| TASK DETAILS |
For the lines from the one with "臺華窯 台崋窯 Tai-Hwa Pottery 花瓶 壺Pottery - 花瓶" to the end of the listing below, both ends included, give an exact copy and nothing more. Do not copy pictures.

| PROVIDED MATERIAL |
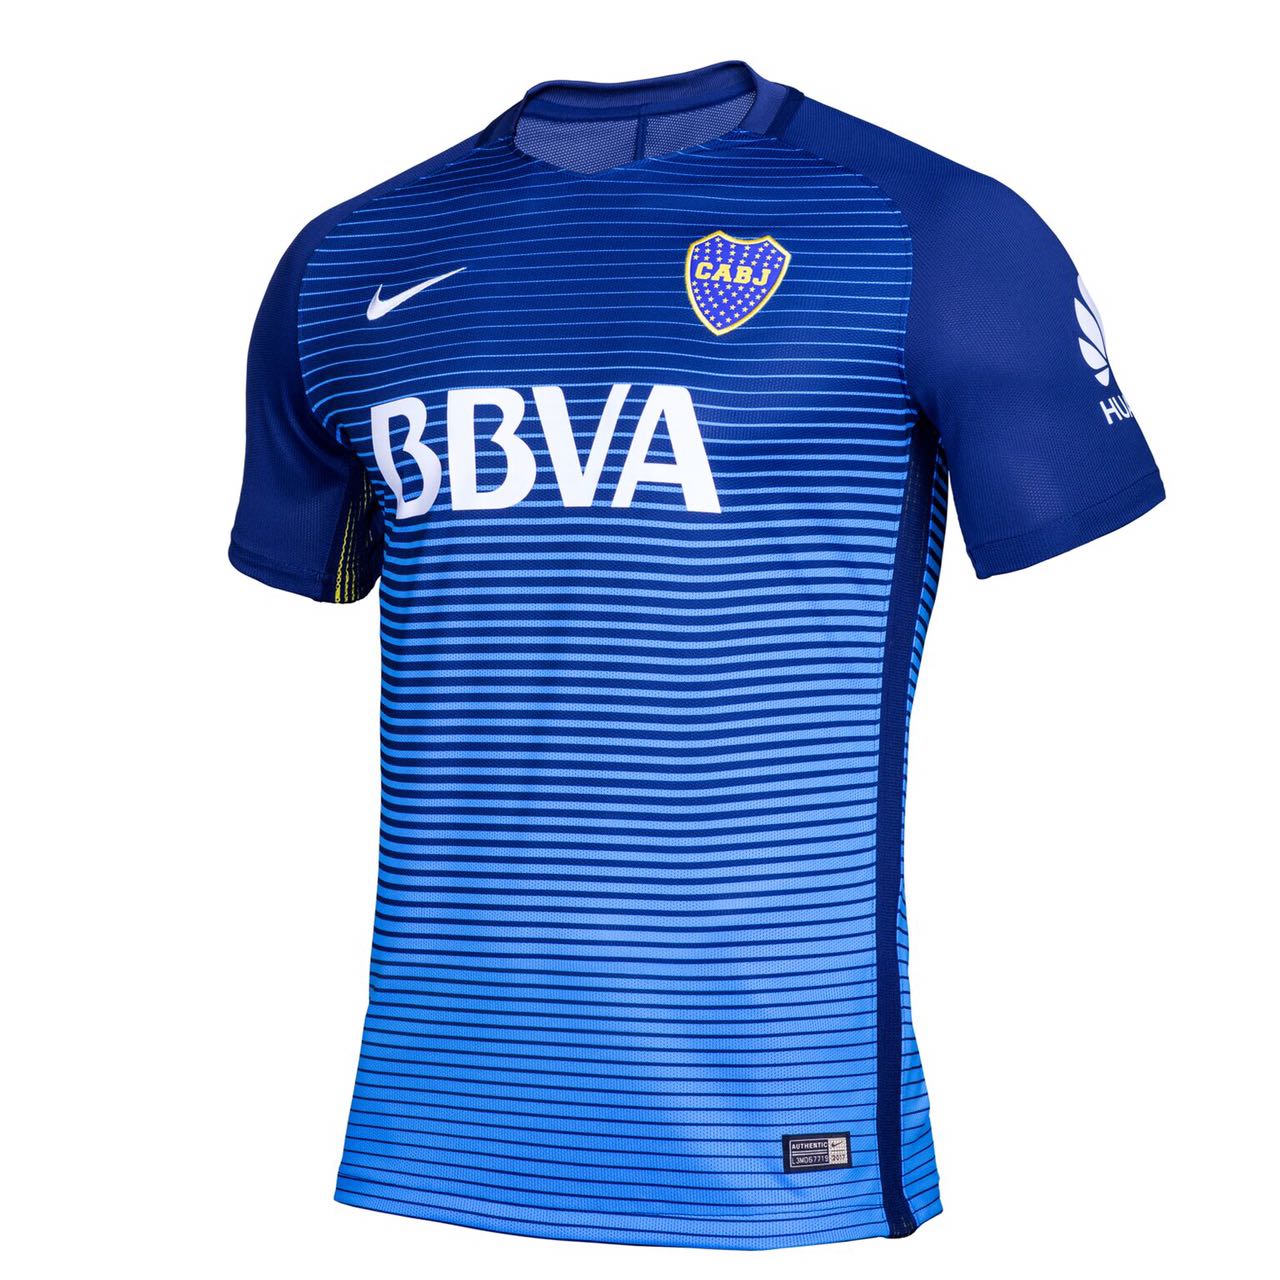 Tercera camiseta de Boca Juniors Nike 2017
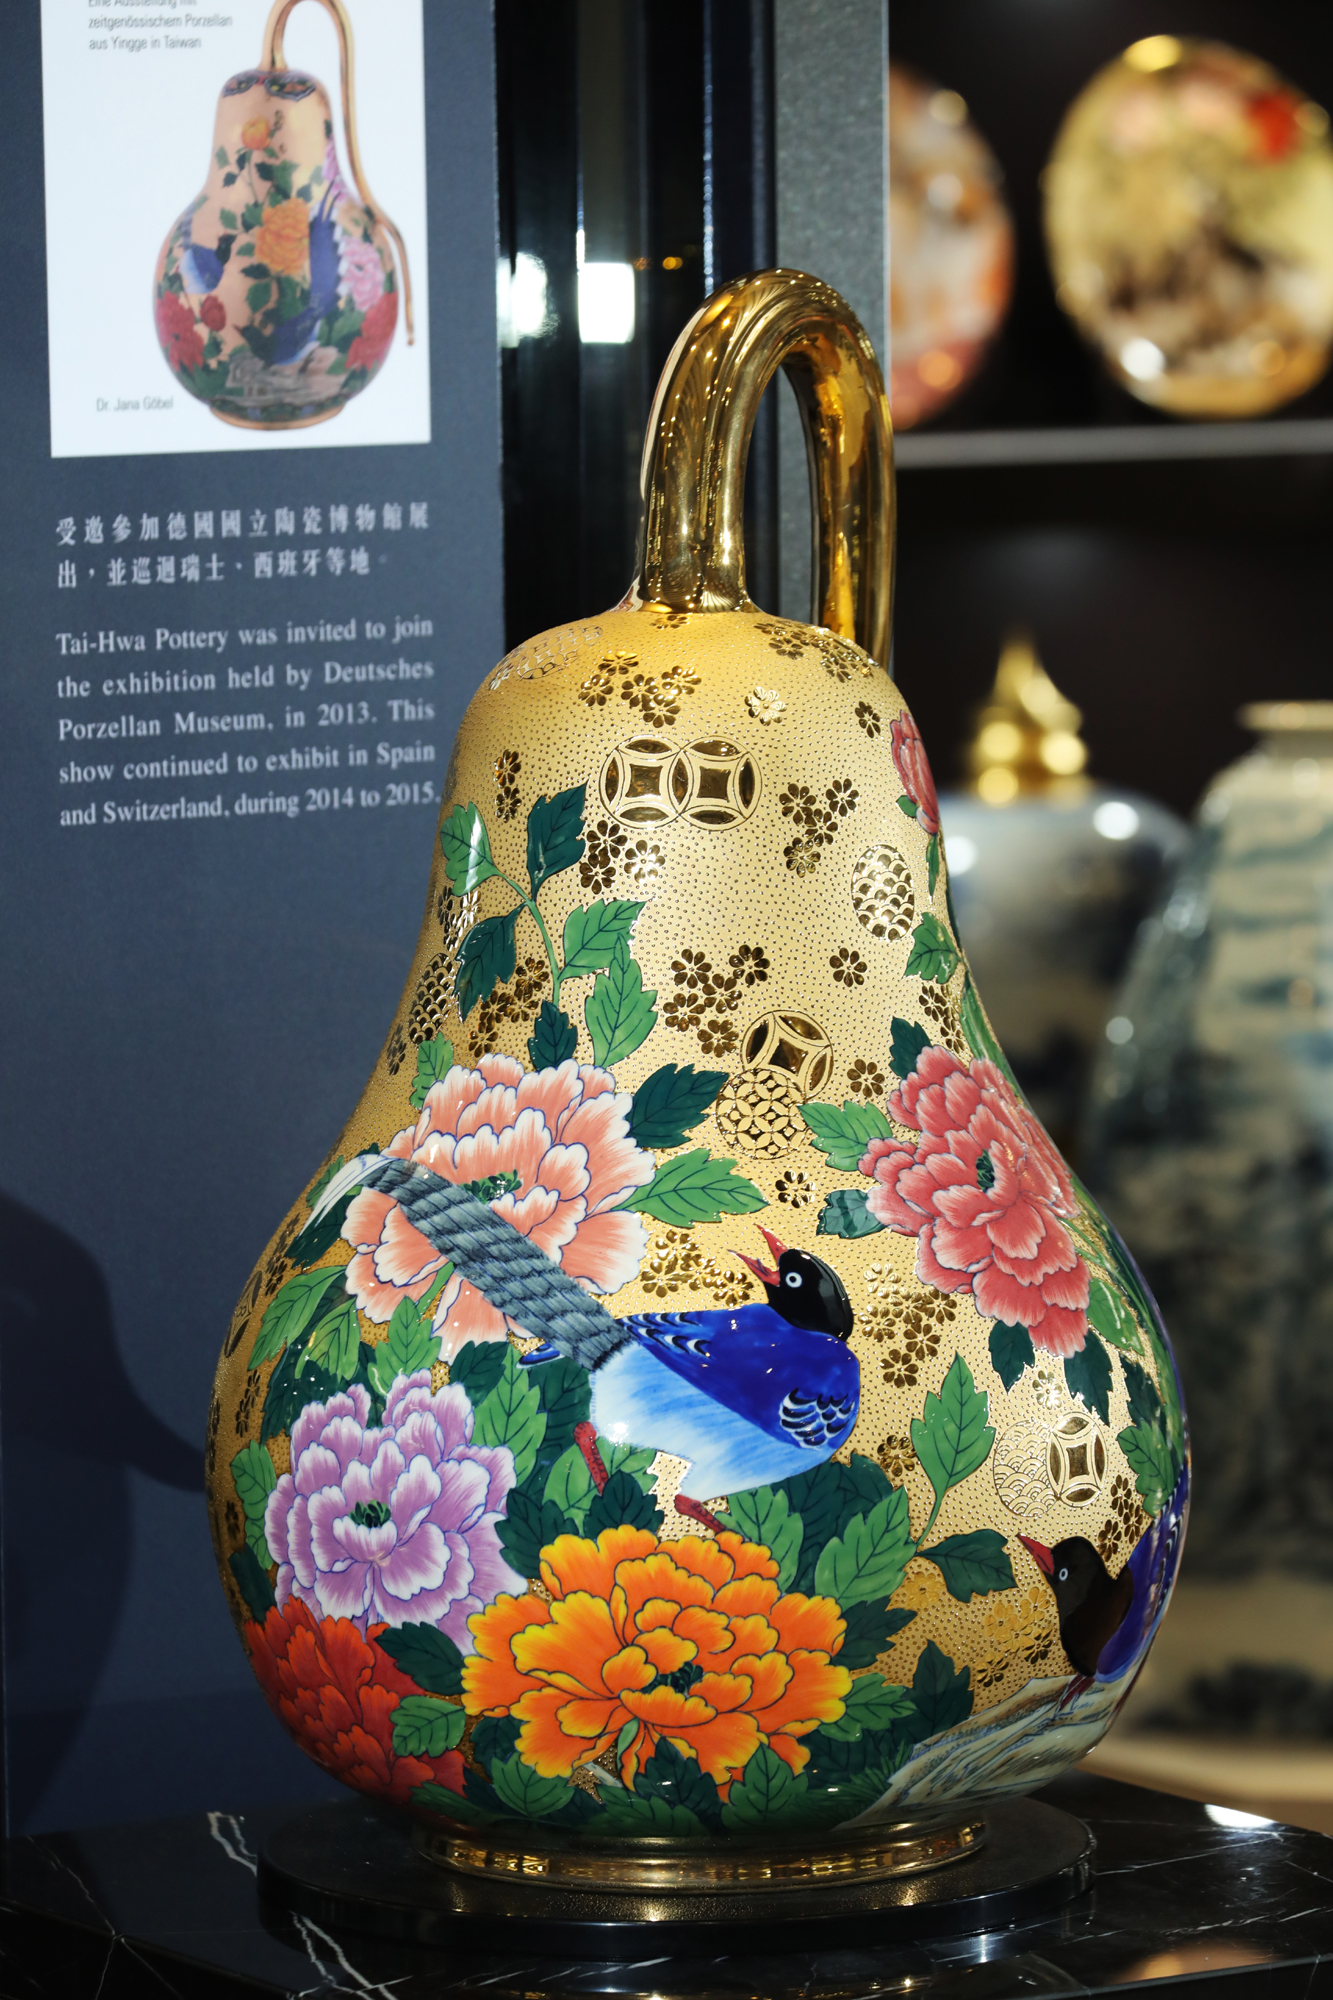 臺華窯 台崋窯 Tai-Hwa Pottery 花瓶 壺Pottery - 花瓶
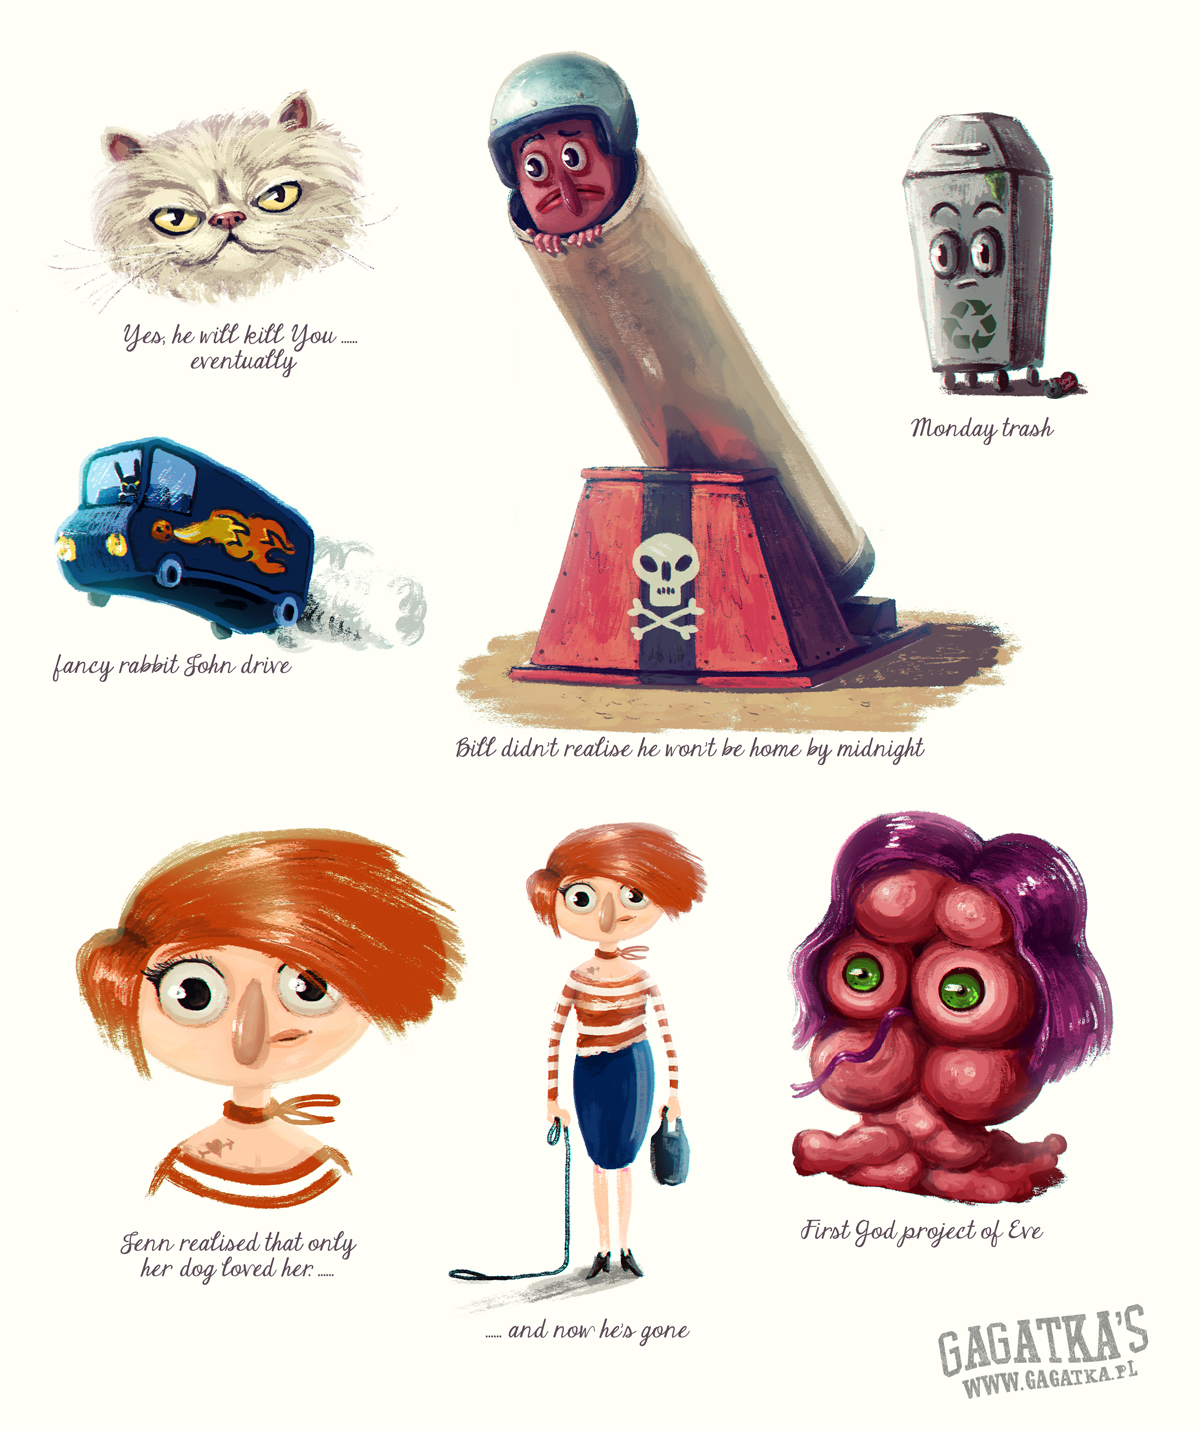 Character gagatka digital painting funny funny character monster Cat portraits portrait wacom doodle doodles Digital Doodle

| RESPONSE |
 臺華窯 台崋窯 Tai-Hwa Pottery 花瓶 壺Pottery - 花瓶
 Character gagatka digital painting funny funny character monster Cat portraits portrait wacom doodle doodles Digital Doodle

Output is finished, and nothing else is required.